VHDL implementation of a high-performance, configurable Digital Moving Average Filter designed for real-time FPGA signal processing.
The system utilizes a strictly synchronous architecture to calculate the arithmetic mean of an 8-bit data stream (0-255) generated internally through multiple operational modes.
By employing a modular RTL approach, the design separates the Data Generation (Control Unit) from the Filtering Logic (Execution Unit), ensuring high frequency stability and resource efficiency on Artix-7 hardware.

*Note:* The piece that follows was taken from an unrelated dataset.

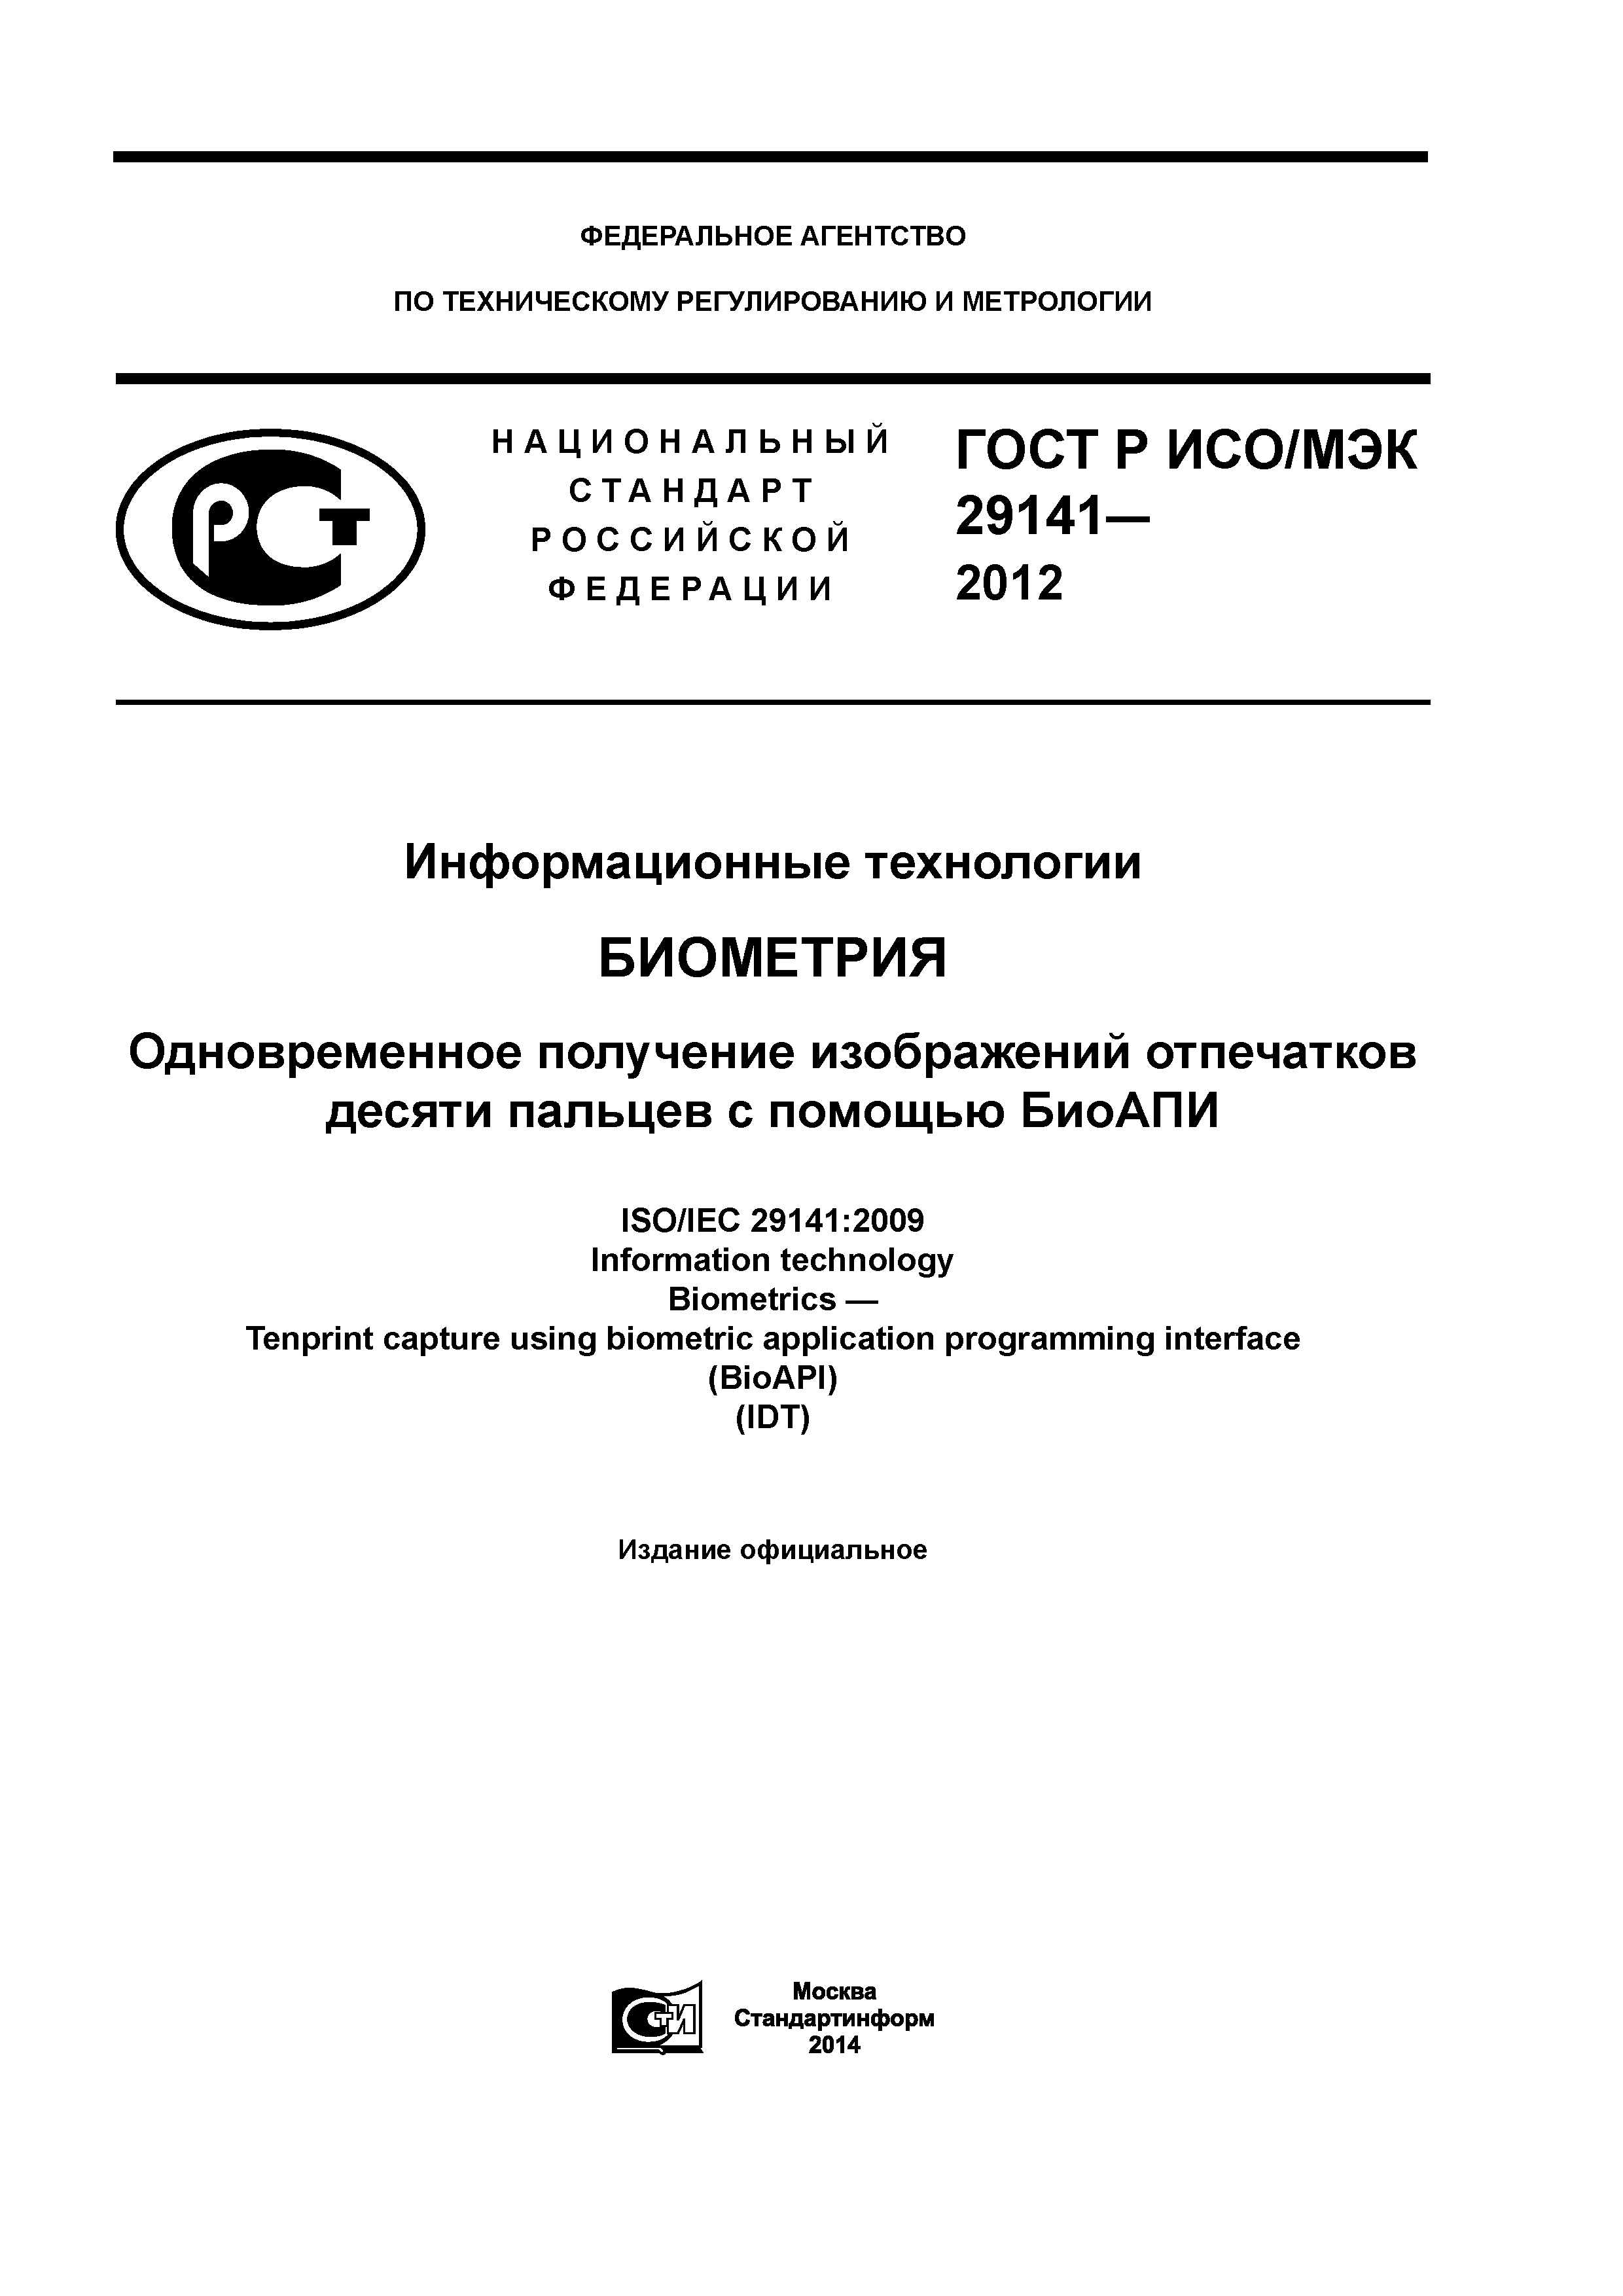 ГОСТ Р ИСО/МЭК 29141-2012

The architecture is built upon a Synchronous Clock Enable (CE) strategy, transitioning away from unstable gated-clock designs to a production-grade 100MHz system clock domain.

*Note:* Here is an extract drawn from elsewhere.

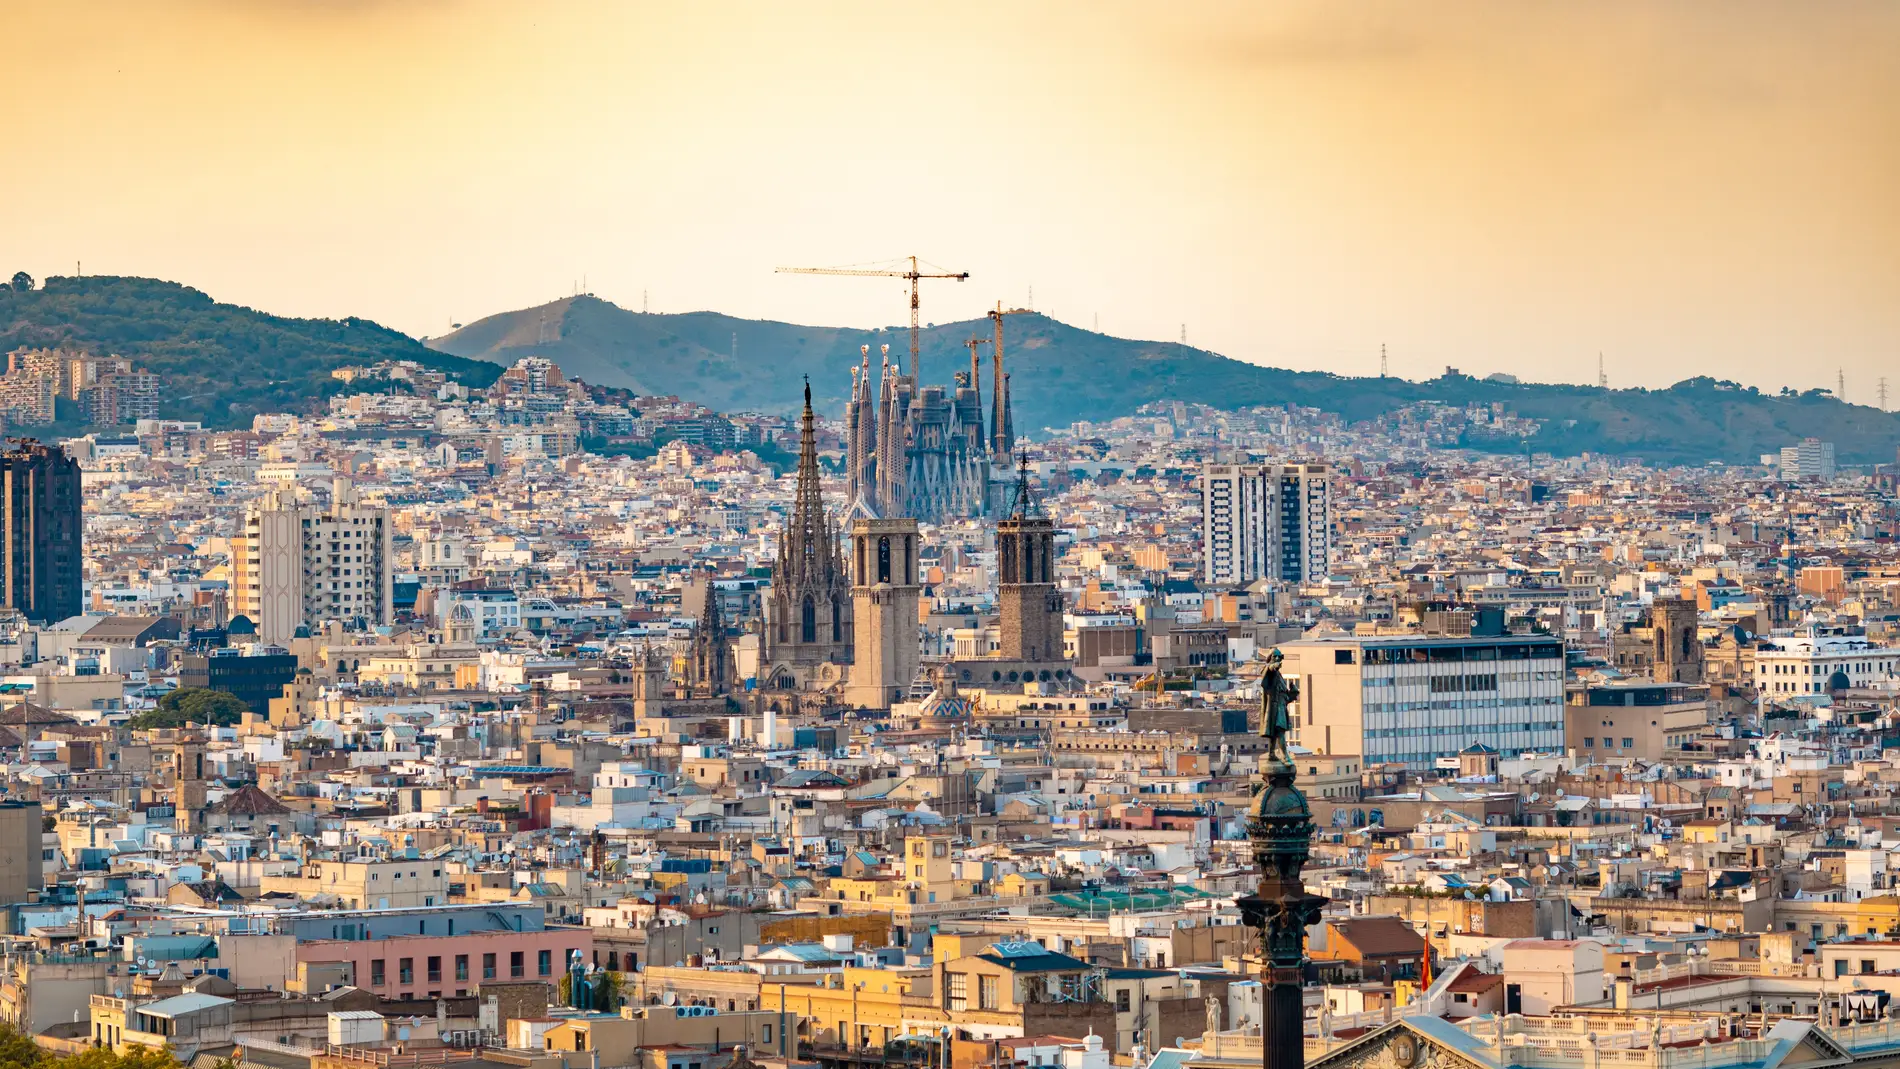 La iglesia modernista más alta del mundo está en España

It integrates advanced input conditioning, including a debounced master reset and a Linear Feedback Shift Register (LFSR) for pseudo-random data injection. The execution pipeline features a 12-bit accumulator, a bit-shifting arithmetic unit for division-free averaging, and a Binary-to-BCD conversion core for multiplexed 7-segment visualization.
The primary objective was to engineer a robust, synthesis-optimized DSP unit capable of:
- Configurable Window Filtering: Dynamically selecting averaging lengths for 2, 4, 8, or 16 samples via hardware switch inputs.
- Multi-Mode Signal Generation: Implementing a custom Data Generator supporting Square Wave, Pseudo-Random (LFSR), and Static Test patterns.
- Deterministic Timing: Utilizing a Clock Enable architecture to maintain phase alignment across all internal modules at 100MHz.
- Hardware-Efficient Arithmetic: Implementing the moving average algorithm using bit-shift logic to eliminate the need for resource-heavy division IP cores.
- BCD-to-SSD Pipeline: Real-time conversion and multiplexing of 8-bit results for 8-digit 7-segment displays.
The system's control flow is managed by a deterministic Finite State Machine (FSM) to ensure data integrity during the sampling and accumulation phases:
1. Averaging Controller FSM
Coordinates the lifecycle of a calculation sequence, from initial reset to display update.
2. Operational States:
- ST_IDLE: Global register initialization and count reset.
-
ST_SAMPLE_GEN: Synchronous capture of input data triggered by the
i_clk_cepulse. -
ST_ACCUMULATE: Sequential summation of
$2^n$ samples into the high-precision accumulator. - ST_CALCULATE: Execution of bitwise right-shift operations to derive the final mean.
- ST_UPDATE_DISPLAY: Latching the result into the BCD-to-SSD controller for persistent visualization.
This project demonstrates proficiency in:
→ RTL Design and modular VHDL architecture for Nexys A7 (Artix-7) FPGAs.
→ Digital Signal Processing (DSP) fundamentals implemented directly in hardware.
→ Synchronous design techniques and Clock Enable (CE) frequency scaling.
→ Linear Feedback Shift Register (LFSR) design for pseudo-random sequence generation.
→ Binary-to-BCD conversion and 7-segment multiplexing logic.
→ Advanced Verification & Validation (V&V) using self-checking testbenches in Vivado.
The design was synthesized and implemented using the Xilinx Vivado™ Design Suite for the Nexys A7-100T board. Simulation in Vivado Simulator confirmed:
- Mathematical Accuracy: Filter output matches calculated arithmetic mean across all window sizes (2, 4, 8, 16).
- Timing Closure: The design meets all setup and hold requirements at 100MHz with positive slack.
- Synchronous Stability: Zero glitches observed during transition between generator modes and filter lengths.
VHDL, Artix-7 (Nexys A7), Xilinx Vivado, RTL Design, DSP, LFSR, Finite State Machines (FSM), Digital Logic Synthesis.